Image Category (fine-grained)	Any Commons category / Wikidata item	Image	Existing categories / depicts statements on Commons images	Basic computer-vision (LA)	Early stages
Image Caption	Unstructured text? Keywords to include?	Image	Existing captions for images on Commons / Wikipedia	Computer-vision (LA) + natural language generation (LS)	Early stages
Image Recommendation	Any Commons image	Article, section	Existing images in articles, Wikidata	Structural (LA) but also testing text-based (LD)	Research; In production (LA)
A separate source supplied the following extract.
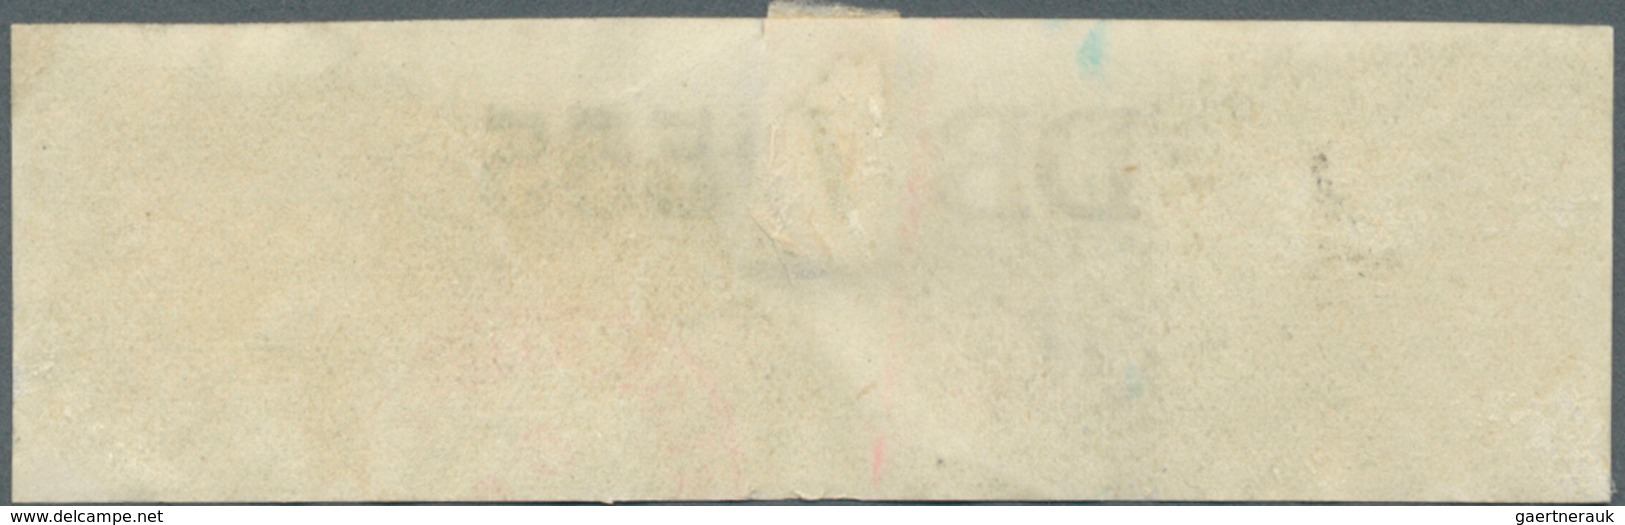 Kriegsgefangenen-Lagerpost: 1943, 7.6., Kriegsgefangenenbrief aus BREMEN, per Luftpost, 4 seitiger T

Edit Actions	Remove reference, change media	Edit diff	Edit summaries	Structural features (LA)	Working prototype
Edit Intentions	Copyedit, wikification	Edit diff	Edit summaries	Structural features (LA)	Old prototype (English)
Edit Quality (vandalism)	Damaging or not, good-faith/bad-faith	Edit diff	Edit summaries/tags	Text-based (LS)	In production (several languages)
Edit Toxicity (harassment)	Toxic or not	Talk page comment	Crowdsourced labels	Text-based (LS)	Dropped due to ethical concerns but continued by others

Prioritization[edit]

The following criteria will be used to select tagging models to prioritize (in no specific order):

Usefulness to Product: support from Product teams improves the likelihood that the project will be a success (more feedback, clear use-case, access to more resources).
Usefulness to Research: how many different projects on the team would benefit from the model? For example, quality modeling would support Knowledge Gaps metrics as well as many research projects on understanding reader/editor behavior and content dynamics.
Coverage / Equity: the greater the number of languages that a model can reasonably scale to, the more widespread the benefits can be. Generally favor language-agnostic over language-dependent over language-specific approaches (see more).
Research Value: will the research help advance our techniques / potentially contribute interesting generalizable knowledge or is it more applied (with some favor to the former)? For example, region classification seems to work best via label propagation, which is different from standard supervised classification models and thus a useful technique to develop.